**AIM OF THE TASK:** Here the job is to repeat the listing exactly, but not the pictures in it.

**SUPPLIED MATERIAL:**
▶

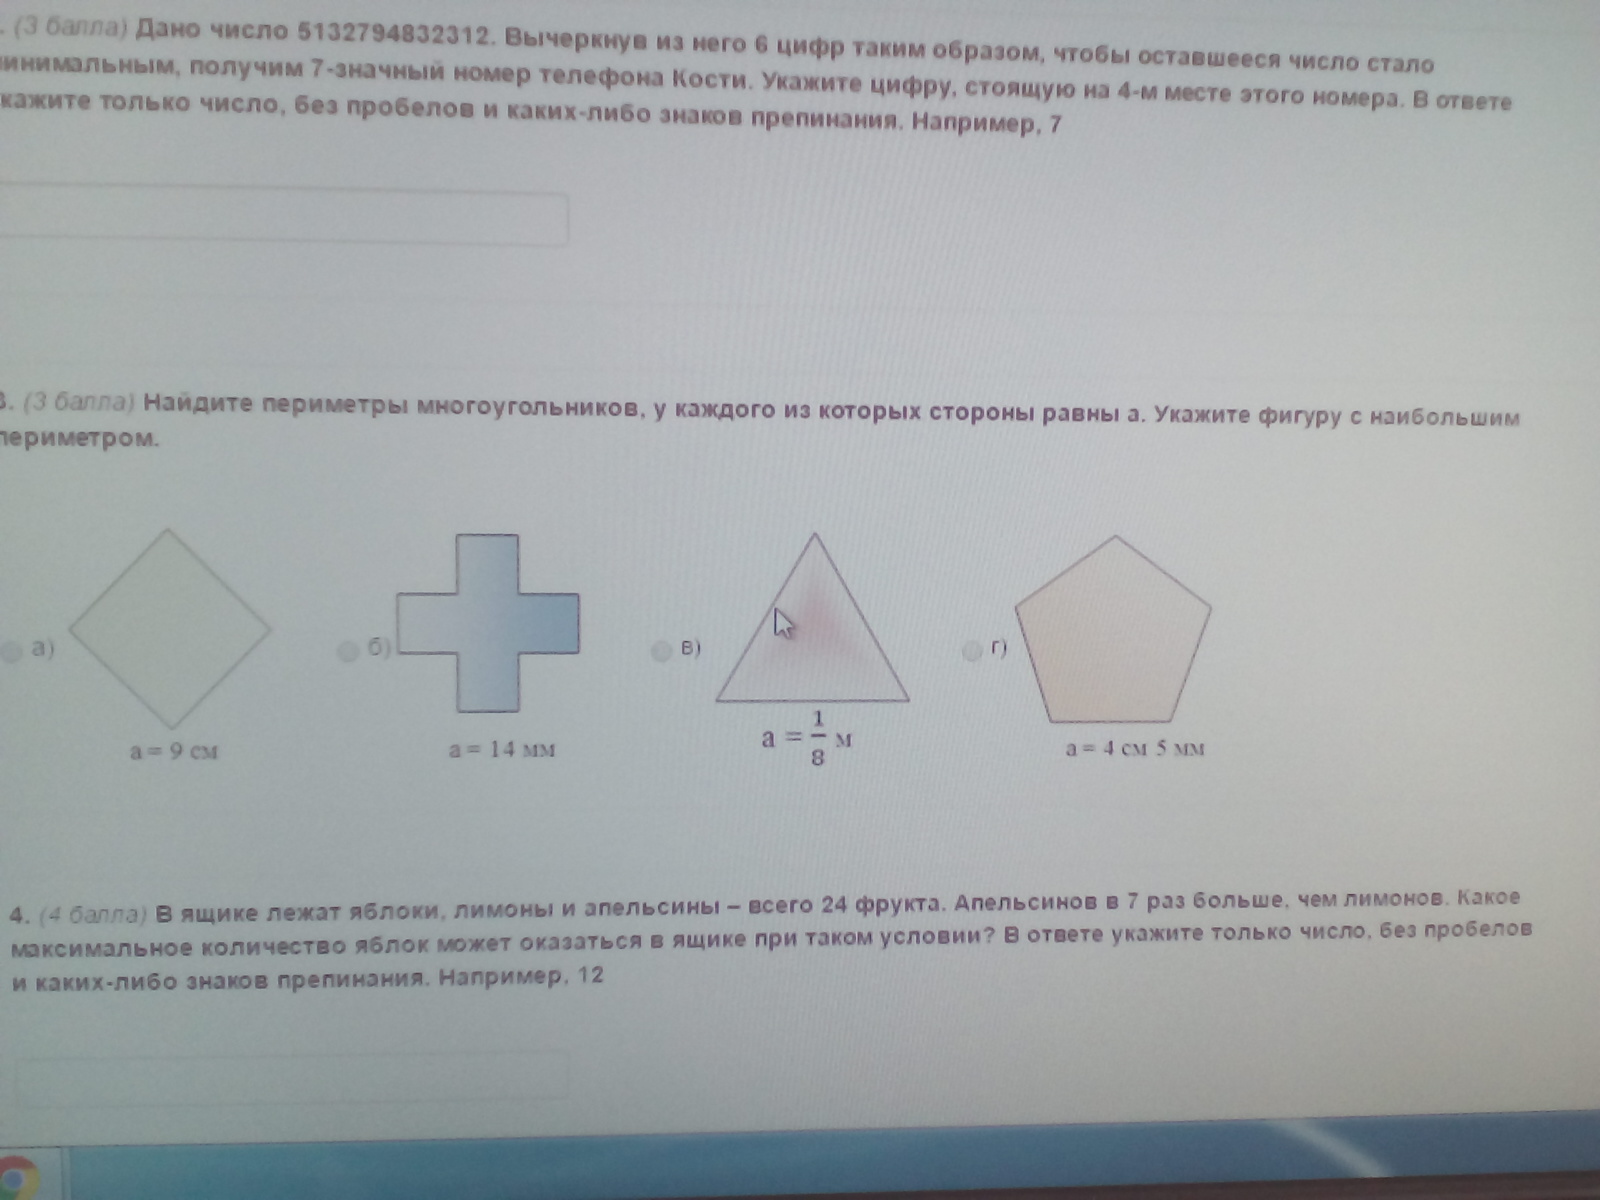 Как найти периметр равного многоугольника
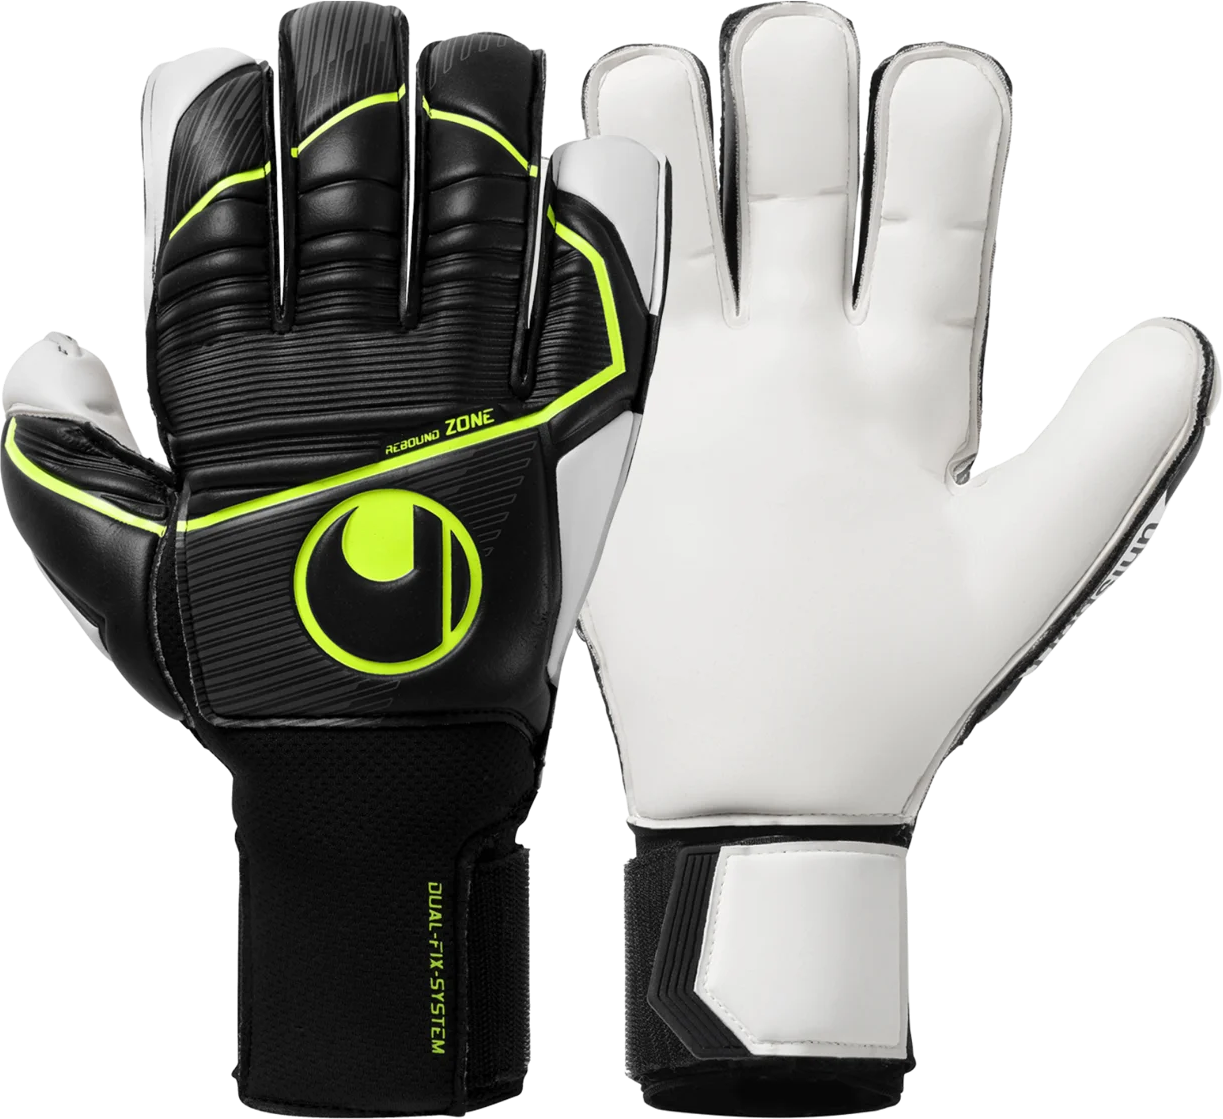 Goalkeeper's gloves Uhlsport Absolutgrip Flex Frame Carbon
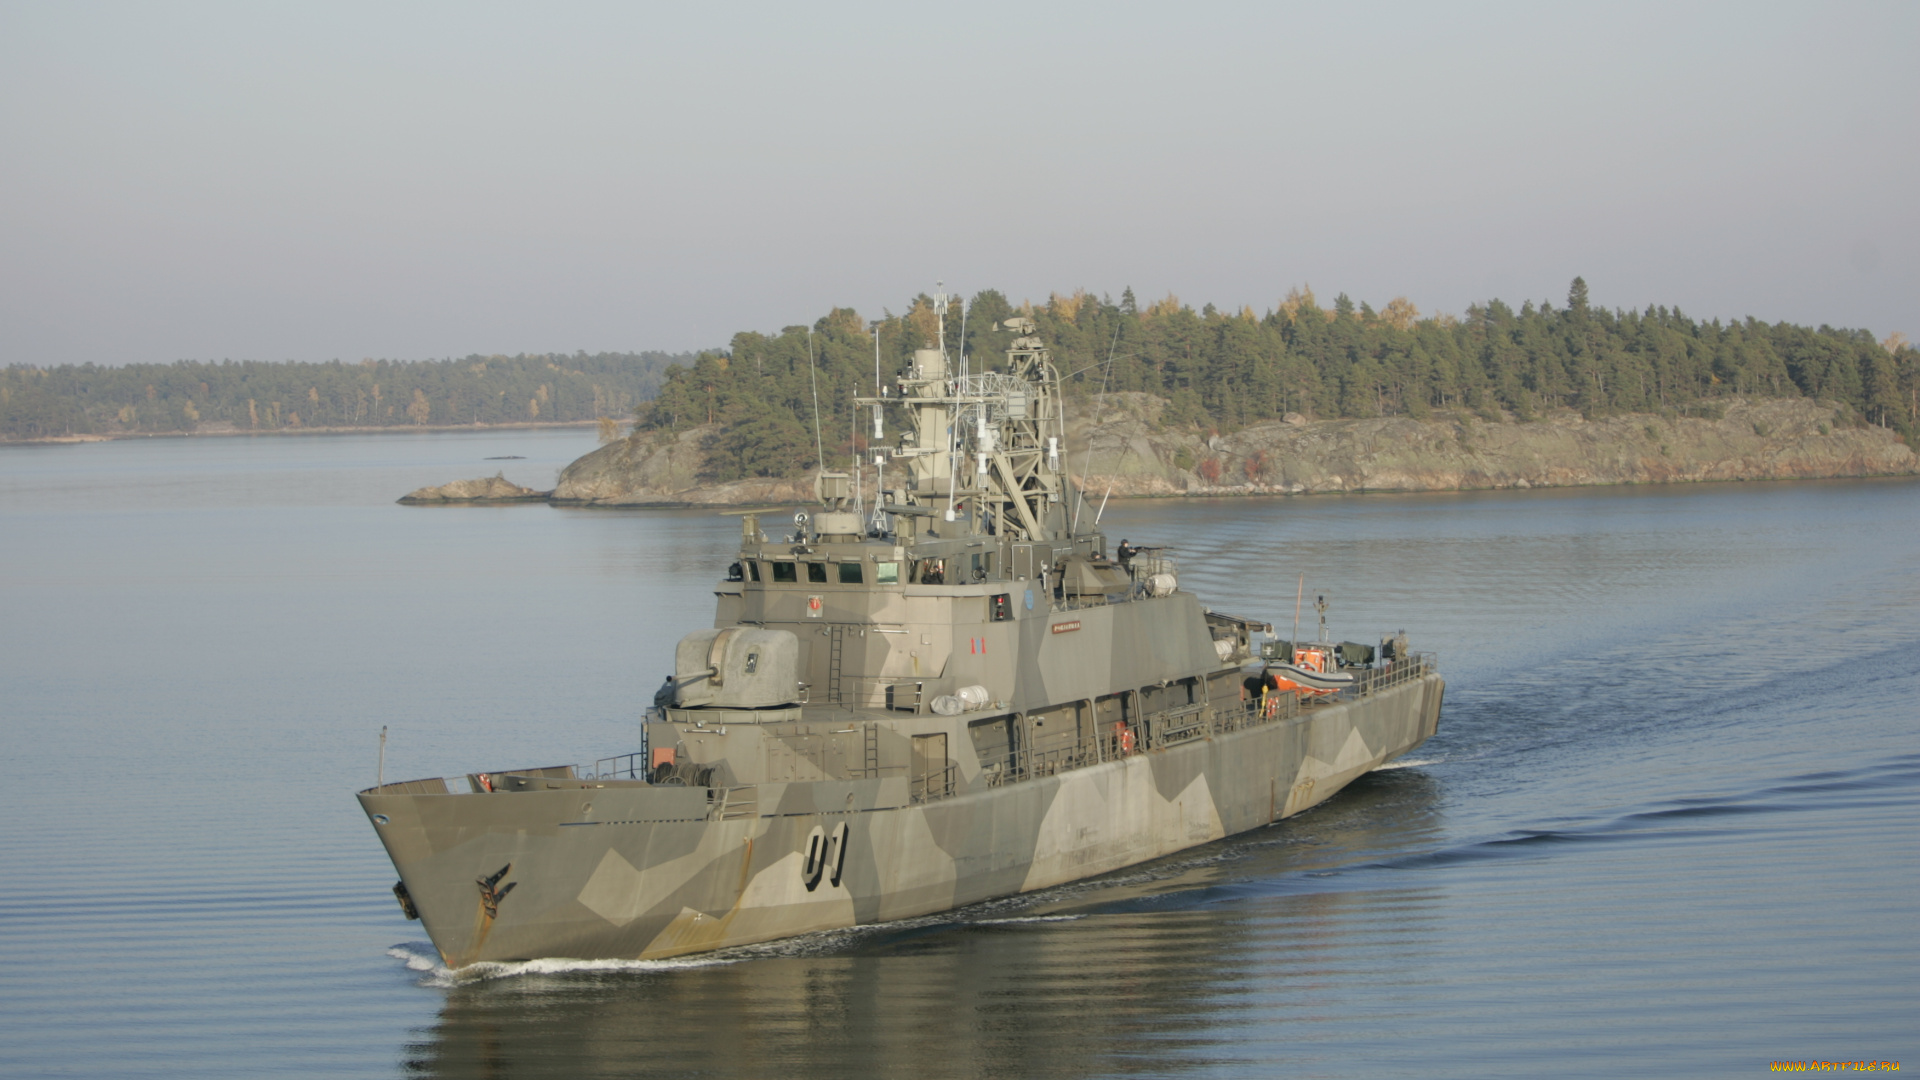 minelayer, pohjanmaa, корабли, крейсеры, линкоры, эсминцы, флагман, финских, вмс, минный, заградитель
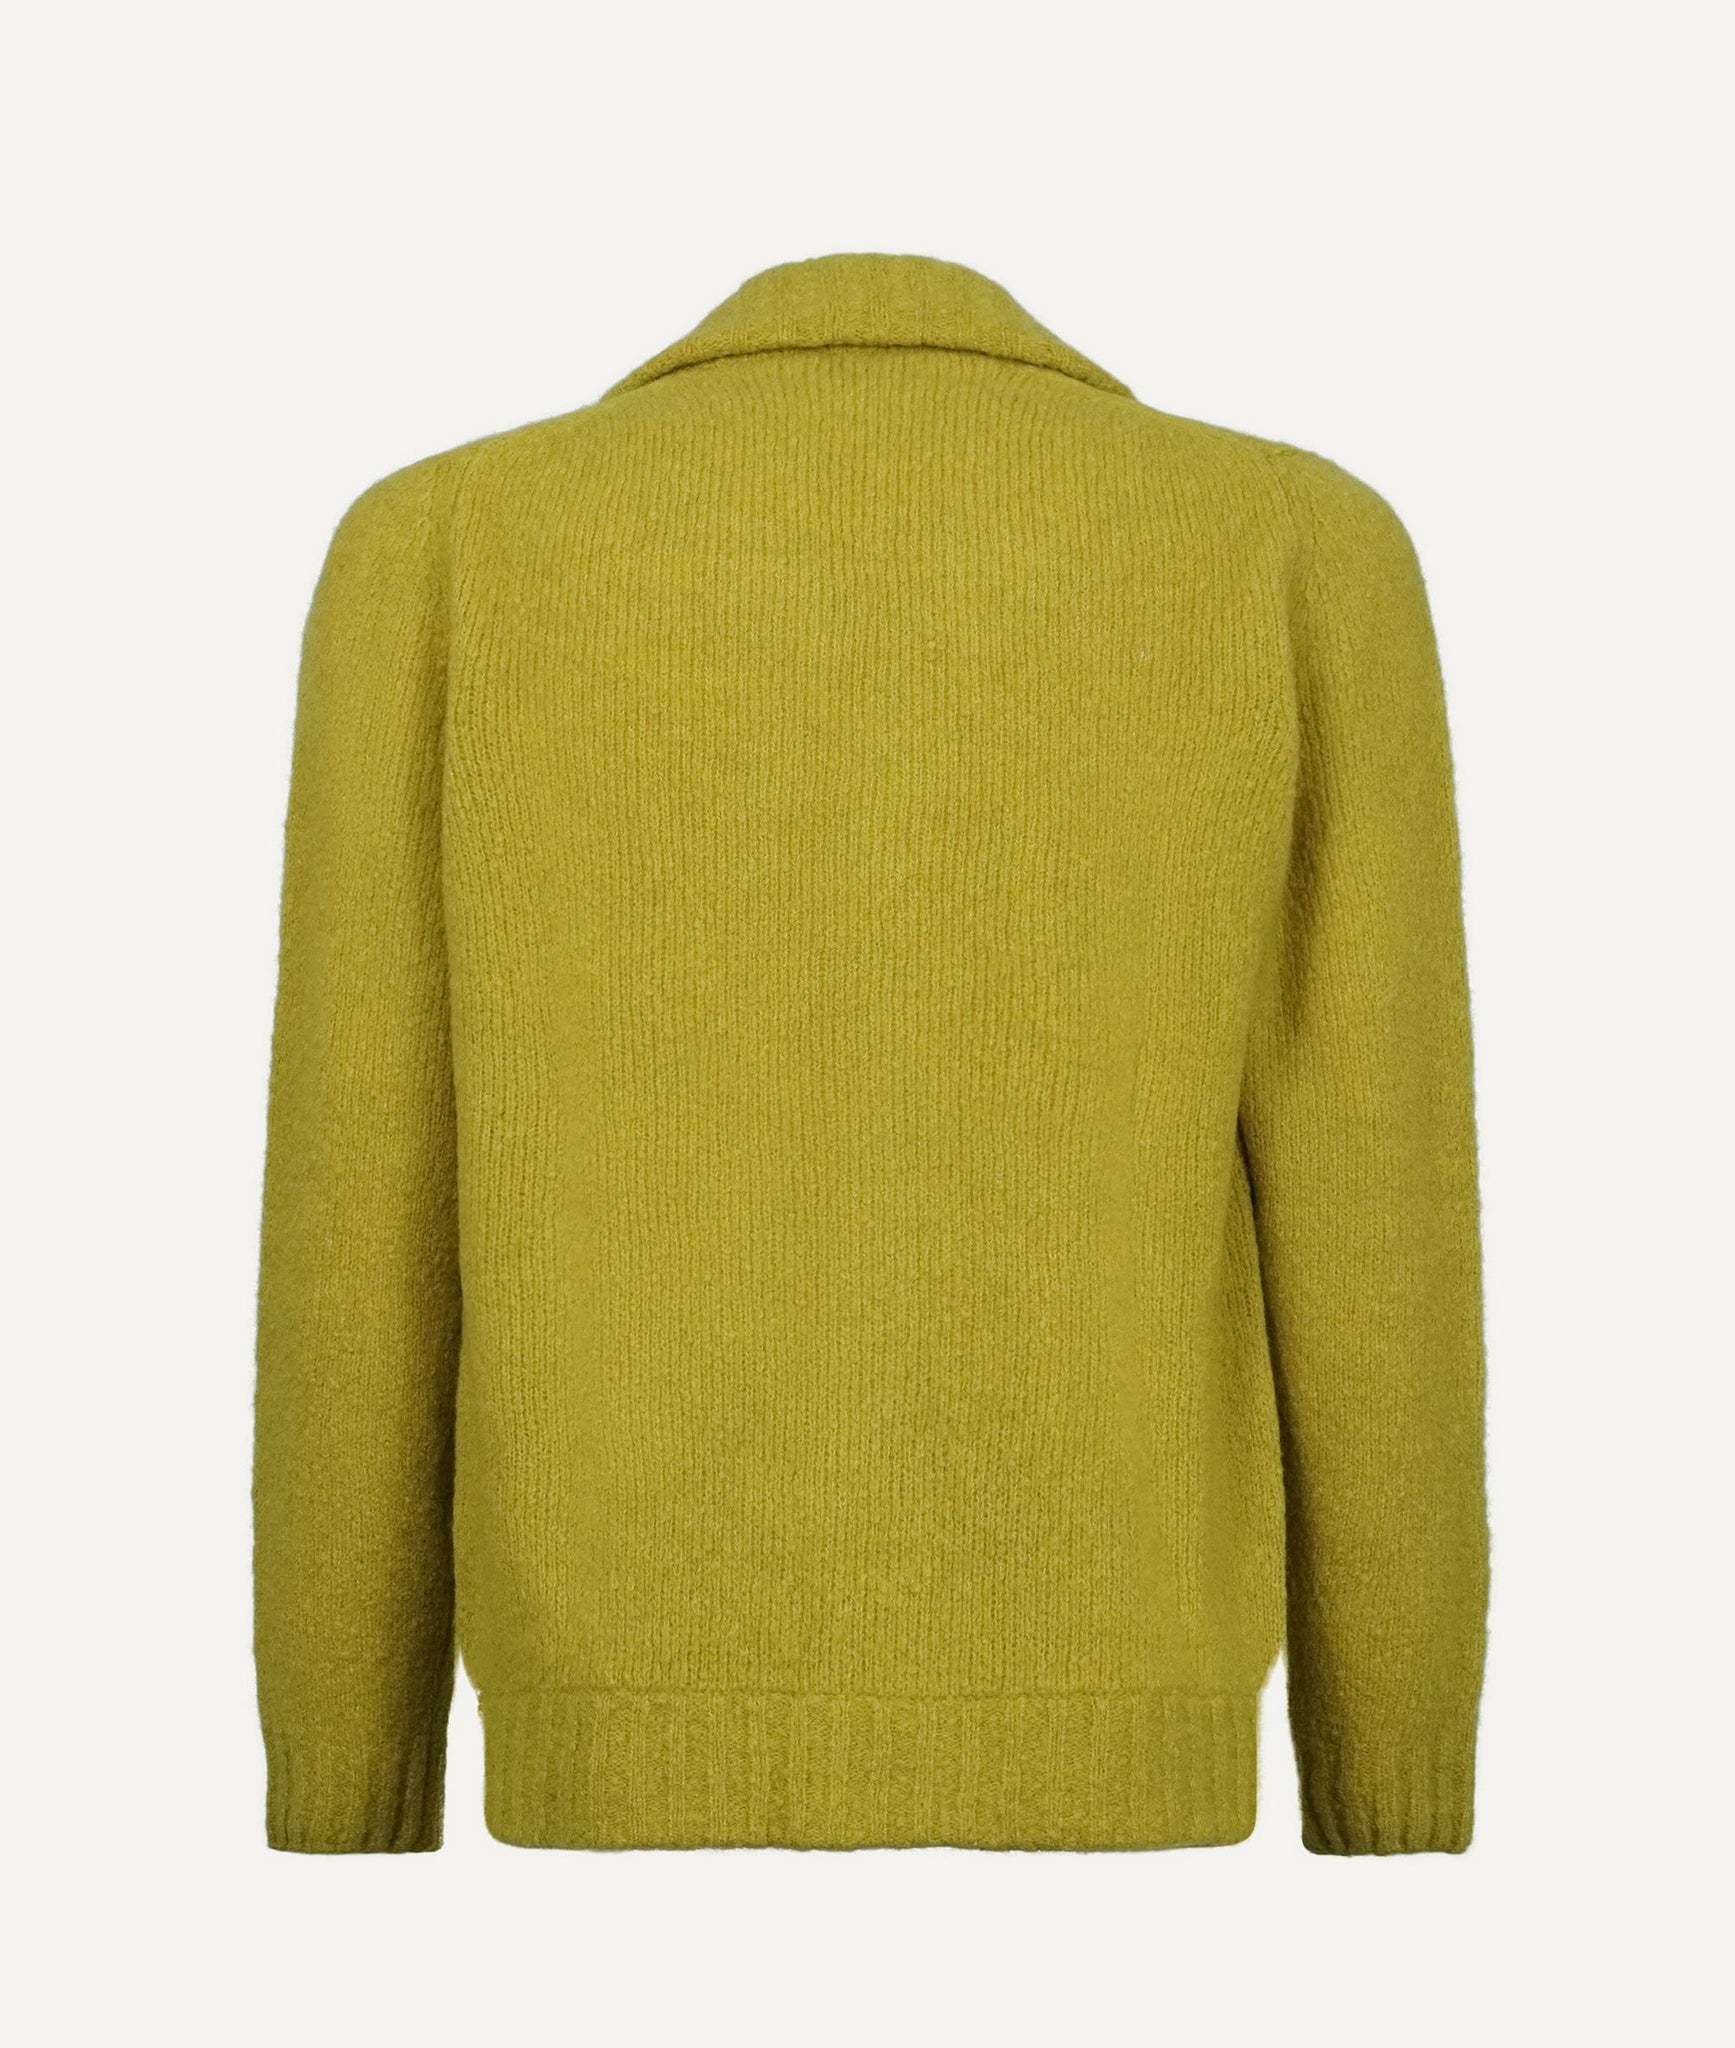 Fedeli - Sweater in Virgin Wool & Cashmere

◀

**TASK SOLUTION:**
 Как найти периметр равного многоугольника
 Goalkeeper's gloves Uhlsport Absolutgrip Flex Frame Carbon
 minelayer, pohjanmaa, корабли, крейсеры, линкоры, эсминцы, флагман, финских, вмс, минный, заградитель
 Fedeli - Sweater in Virgin Wool & Cashmere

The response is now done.